Gill: Nice to meet you too. Are you headed to St. Louis?

Ann: I have a layover in St. Louis, but I’m actually headed to Denver.

Who do you know in Denver?

What are you planning to do in Denver?

When was the last time you were in Denver?

Where are you headed in Denver?

Why are you going to Denver?

How long will you be in Denver?

Practice makes perfect, so start practicing.

When To Use The VT Interview

Because the foundation of the VT interview is to ask a question about whatever the prospect just said, you can literally use it any time you want.

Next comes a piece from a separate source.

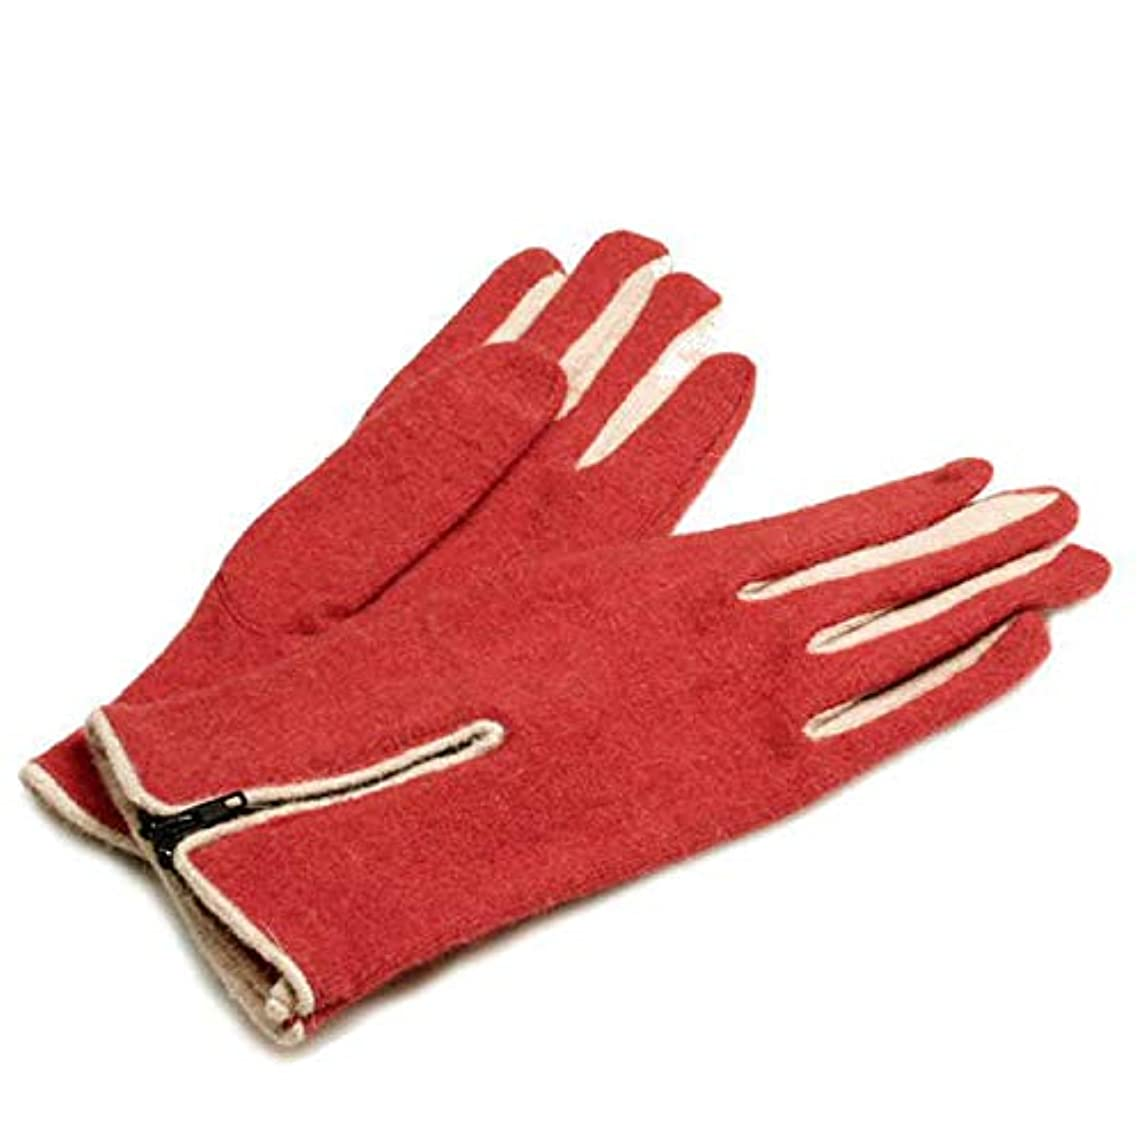 話すギャザー限定秋と冬レディースフィンガー手袋ショートセクション厚手のウール手袋乗馬ウォーム手袋を運転する

I use the VT interview whenever I’m cold-calling, and the prospect or gatekeeper said something I didn’t expect. Instead of getting flustered, I simply ask whatever question pops into my head. Suppose a gatekeeper told you, “Mr. Jones doesn’t take sales calls.” What question could you ask as a follow-up to that statement? How about, “How does Mr. Jones stay informed, so he can find resources quickly when he needs them?” I don’t know about you, but I’d love to have that question answered for every prospect on my list, so, whenever I get the chance, I ask it!

Here’s an example of how I might use the VT interview when a prospect tells me my price is too high:

Joe: I was expecting it to be about half that.

Gill: Where did you come up with that number?

Joe: We’ve talked to other sales consultants, and that’s what they’re telling us it will cost for the training we want.

Gill: I may have misunderstood you earlier. I thought you preferred to pay for results, rather than training. Do you want training, or do you want the results we’ve already discussed?

Joe: Well, we obviously want to produce the results, but I’d like to do so at the best possible price.

Gill: The fee I quoted is the best fee I can offer and still guarantee results. I can reduce the fee, but the guarantee is the first thing that will go. Would you like to talk about a fee structure with no guarantee?

Joe: I’d really rather have the guarantee.

Gill: Do you mean the price is okay as long as results are guaranteed?

Joe: Sure.

Gill: Okay. What’s next?

The beauty of this type of interview is that you can use it as a relationship-building tool, a diagnostic tool, an objection-elimination tool – a tool for almost any job. It’s one of those techniques that supports the adage: “When the only tool you have is a hammer, every problem looks like a nail.”

The Visceral Trust interview truly is a hammer that turns most problems into nails, so don’t hesitate to try it whenever you think it will help.

The [Your Name Here] Sales System: Understand By Listening Closely

The ability to interview is key to several aspects of becoming the very best salesperson you can be, because much of what makes salespeople great is their knowledge of their products, industries, customers’ issues, competition, and so forth. Only by learning and perfecting your interview techniques can you hope to learn what you need in order to succeed in a reasonable amount of time.

Use the Visceral Trust interview with anyone, anytime, anywhere, for any reason, and you will become the most interesting, and trusted, person in the room.